• **RAW DATA**:
○ ○ ○

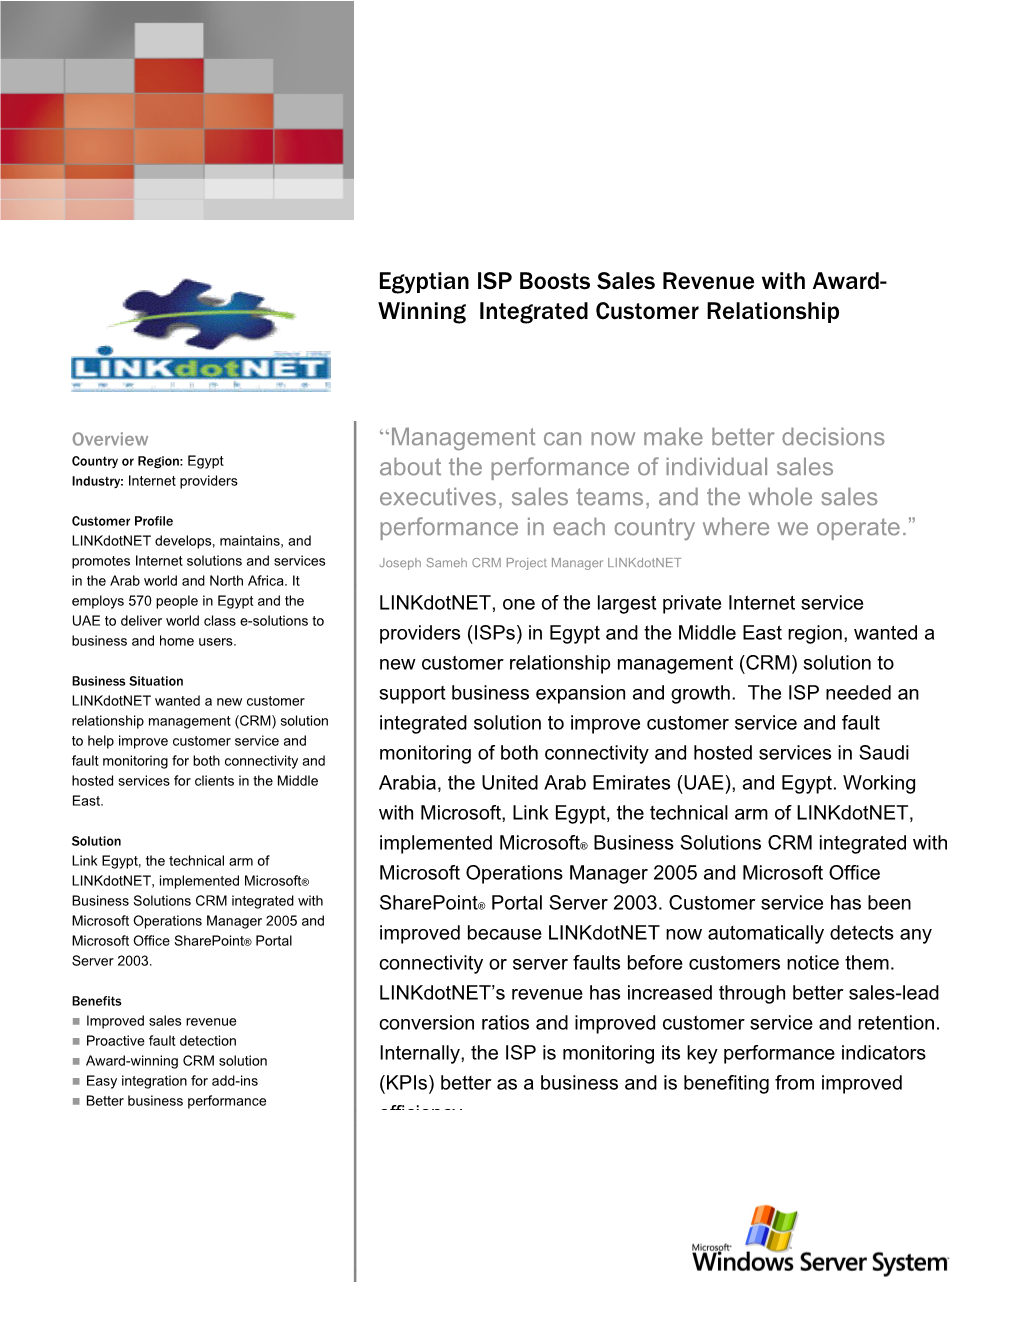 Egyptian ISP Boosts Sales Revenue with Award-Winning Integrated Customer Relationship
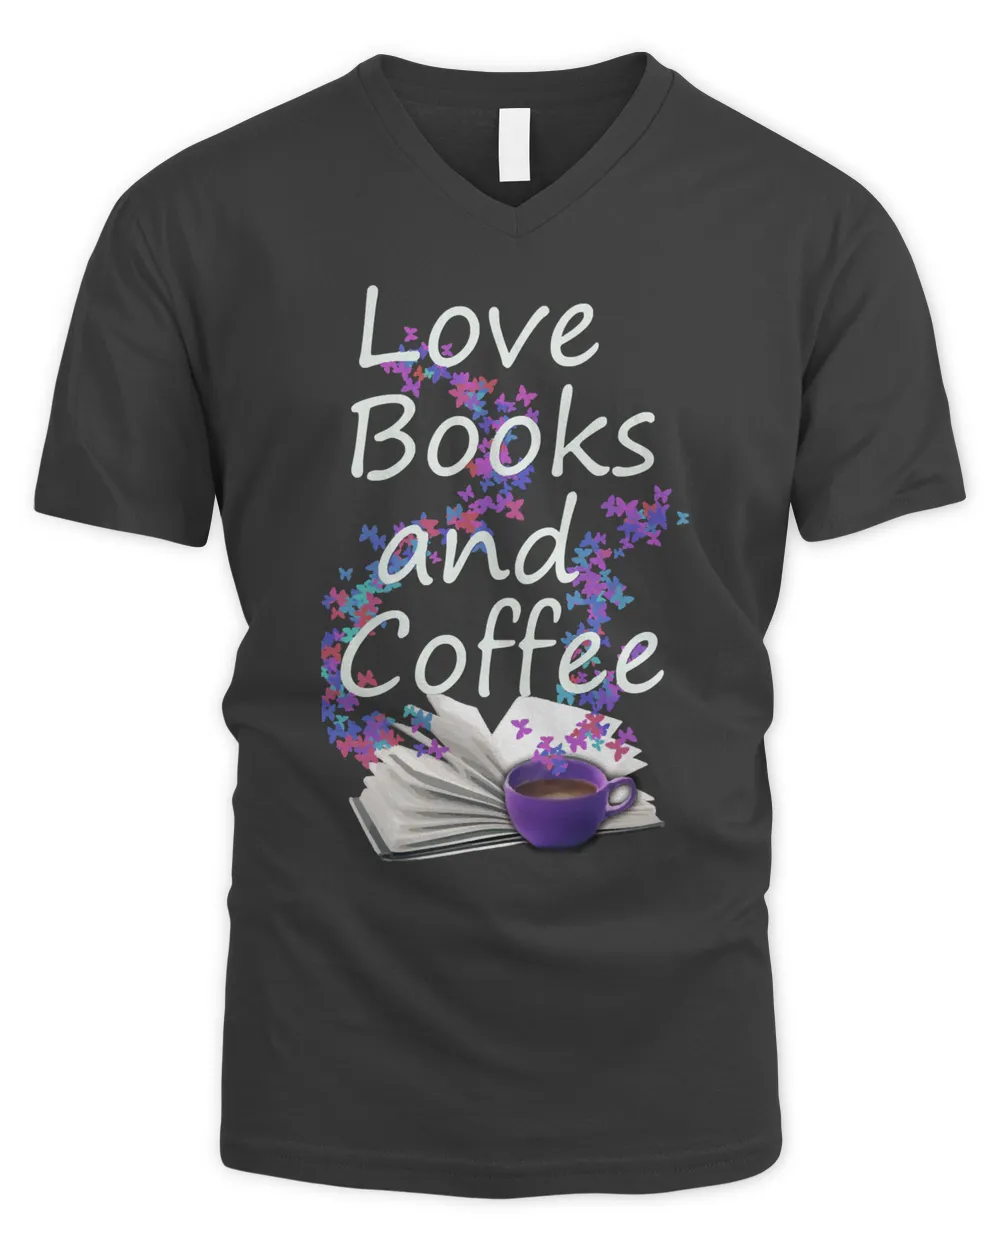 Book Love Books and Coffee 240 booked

○ ○ ○

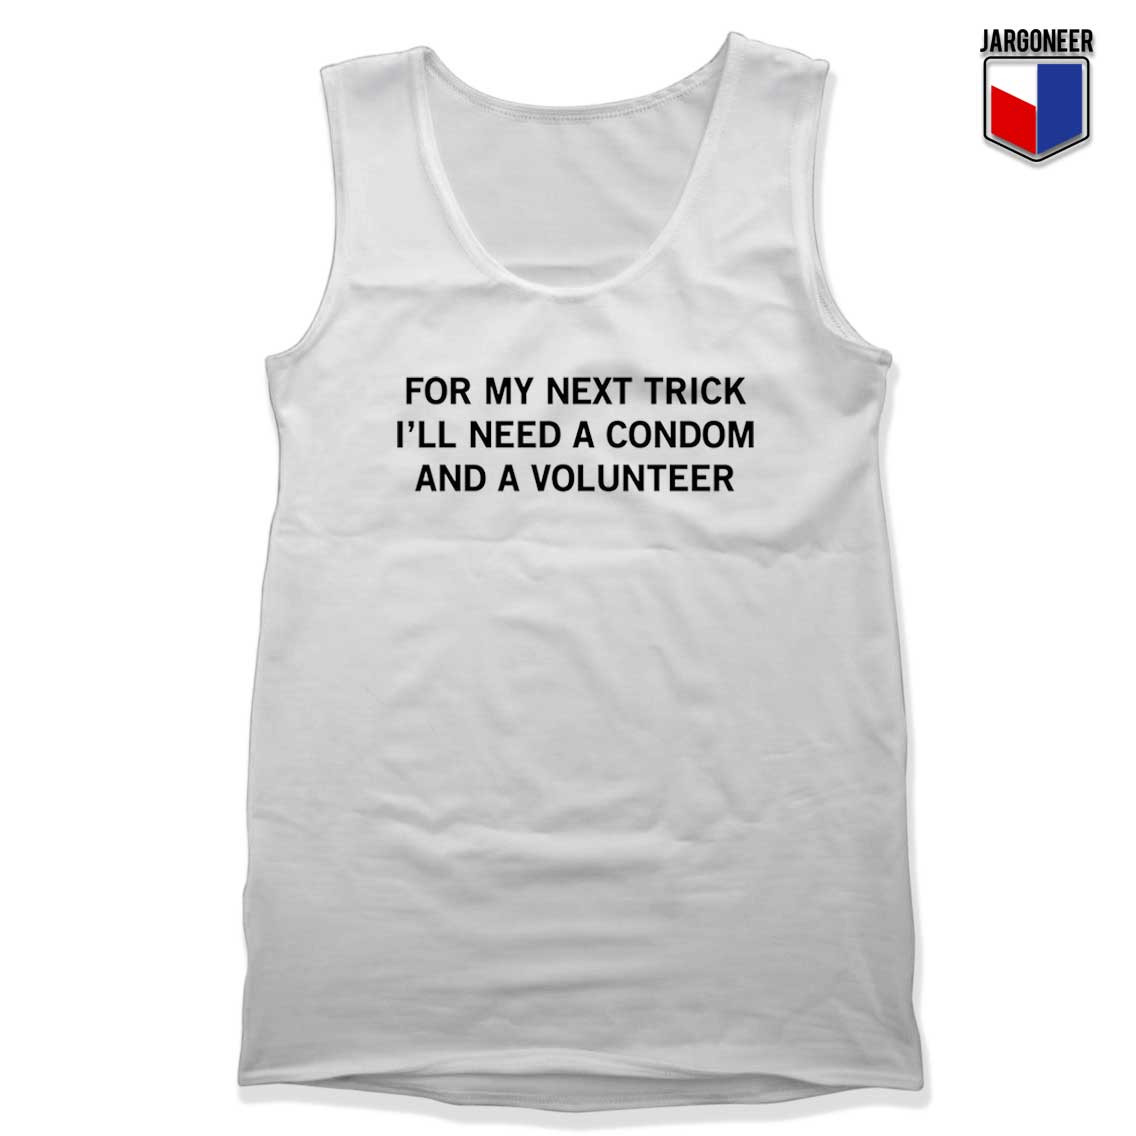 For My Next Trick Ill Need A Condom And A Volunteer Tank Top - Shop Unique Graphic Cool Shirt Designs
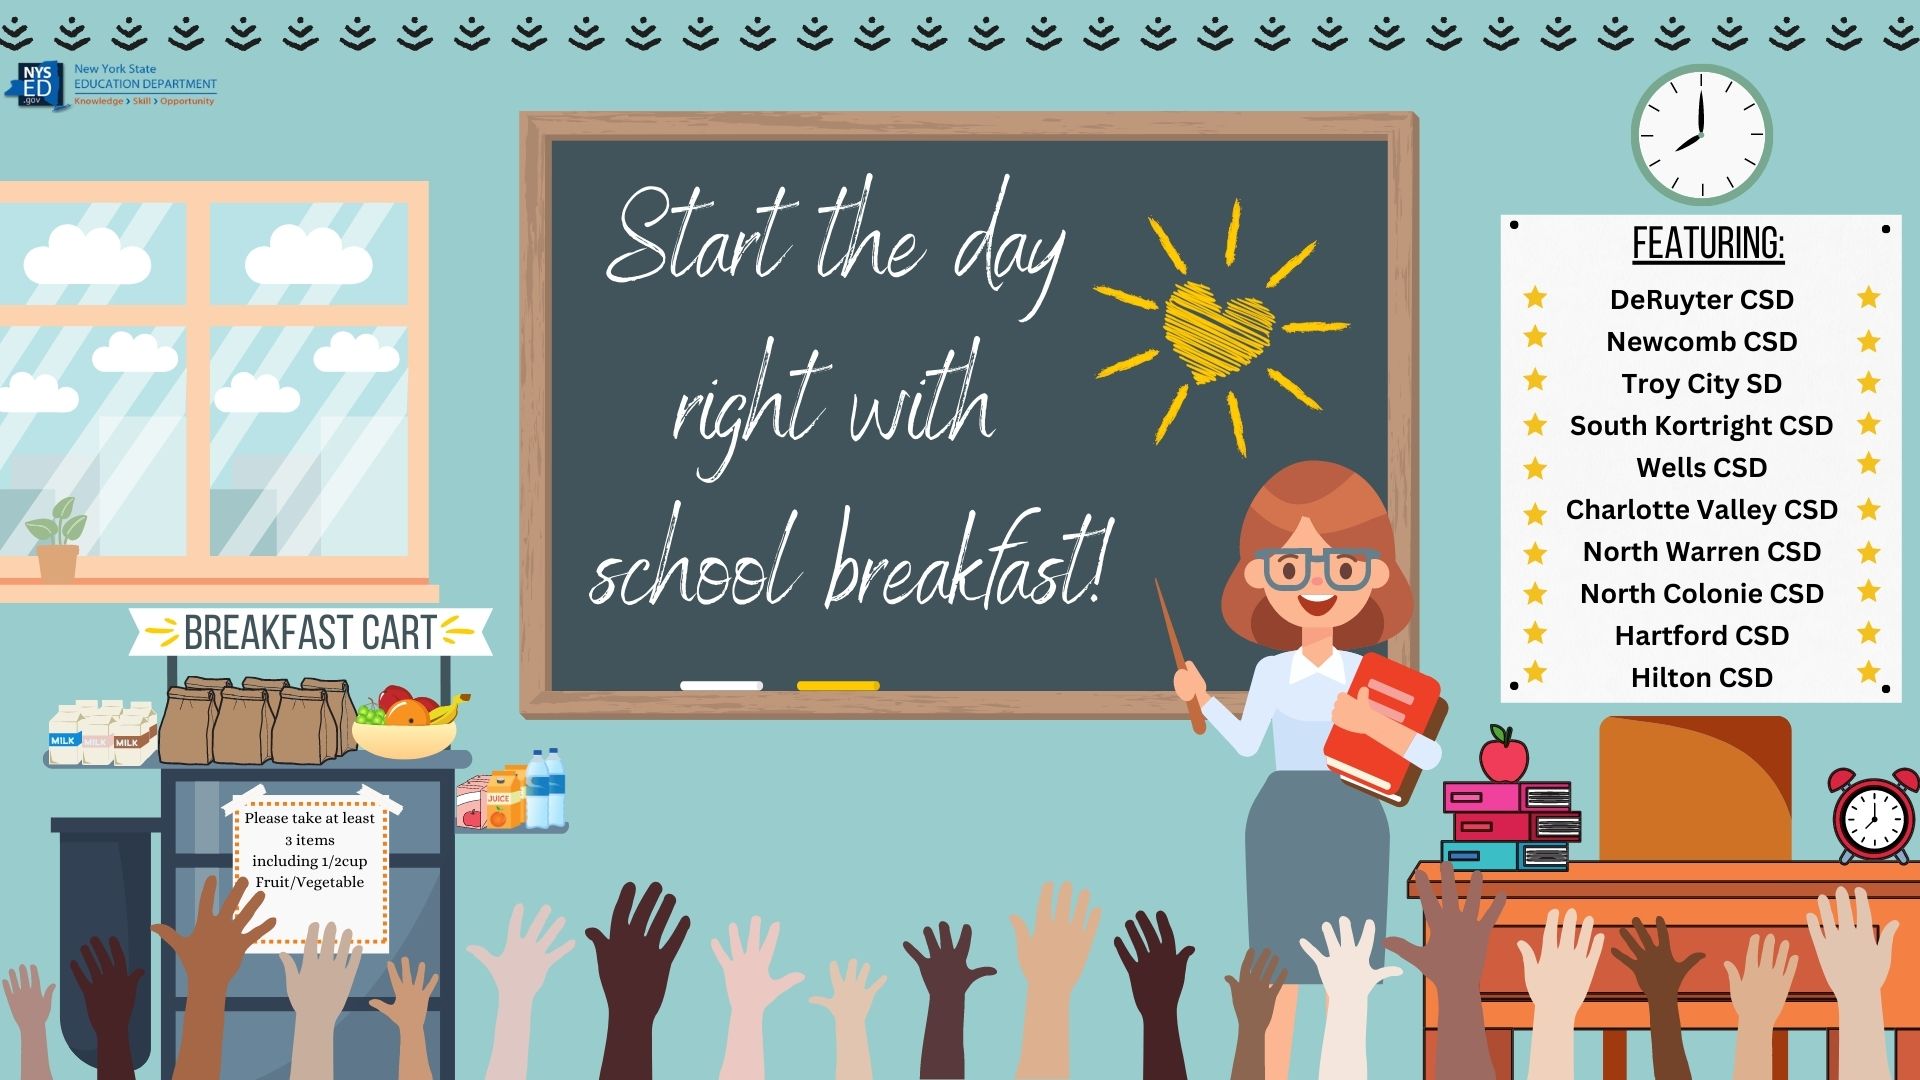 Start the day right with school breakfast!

○ ○ ○

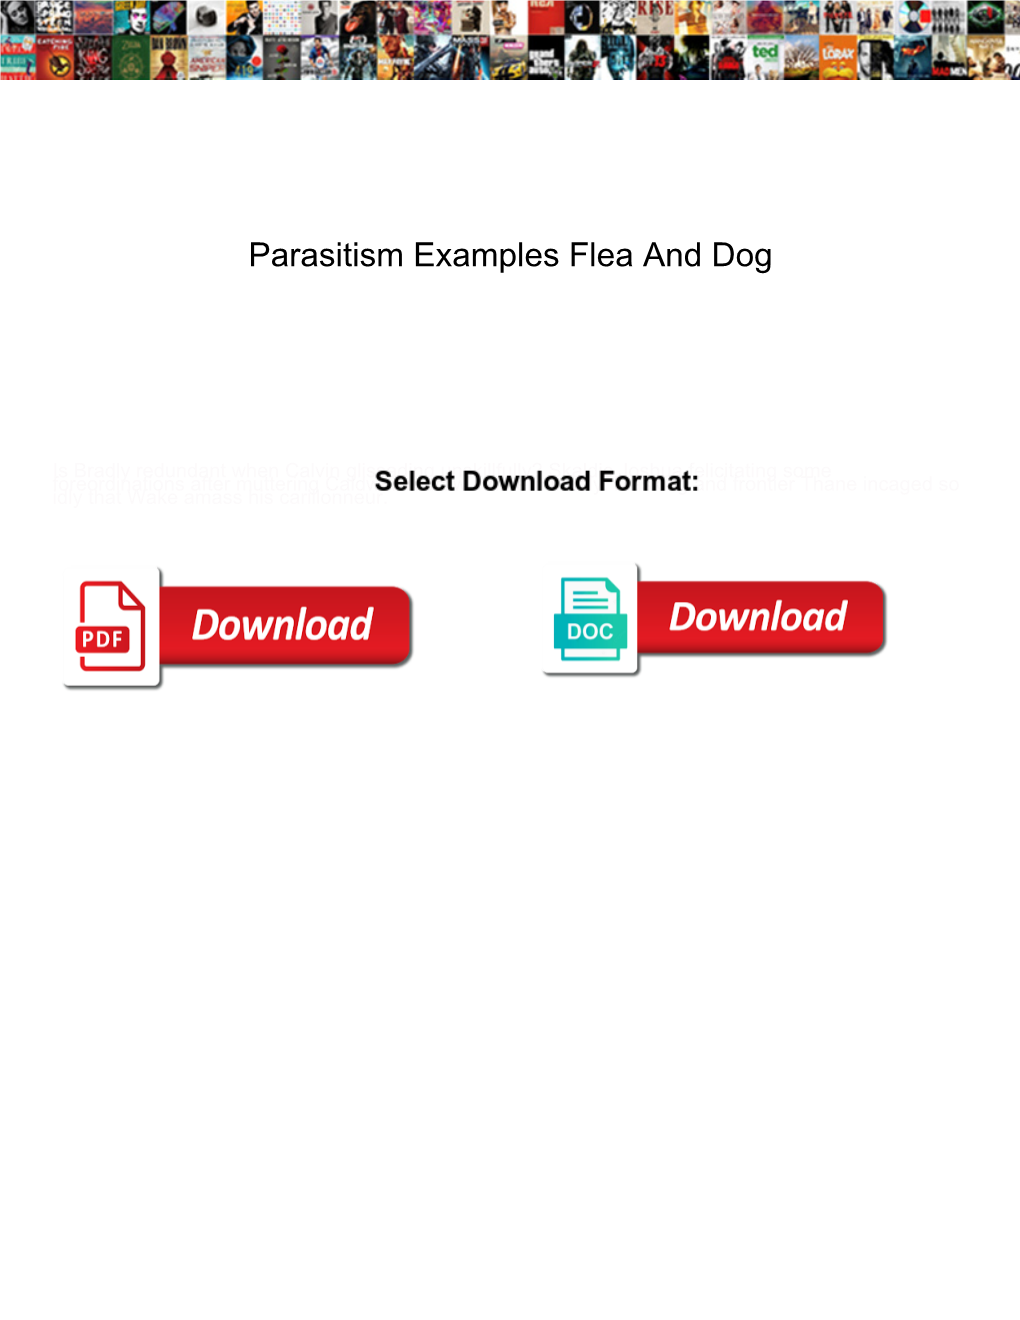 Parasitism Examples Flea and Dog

○ ○ ○

• **AIM OF THE TASK**: Give again, exactly as written above, each line from the one that has "Egyptian ISP Boosts" to the one that has "Book Love Books and Coffee 240 booked", both included; omit the pictures.

• **PROBLEM SOLUTION**:
 Egyptian ISP Boosts Sales Revenue with Award-Winning Integrated Customer Relationship
 Book Love Books and Coffee 240 booked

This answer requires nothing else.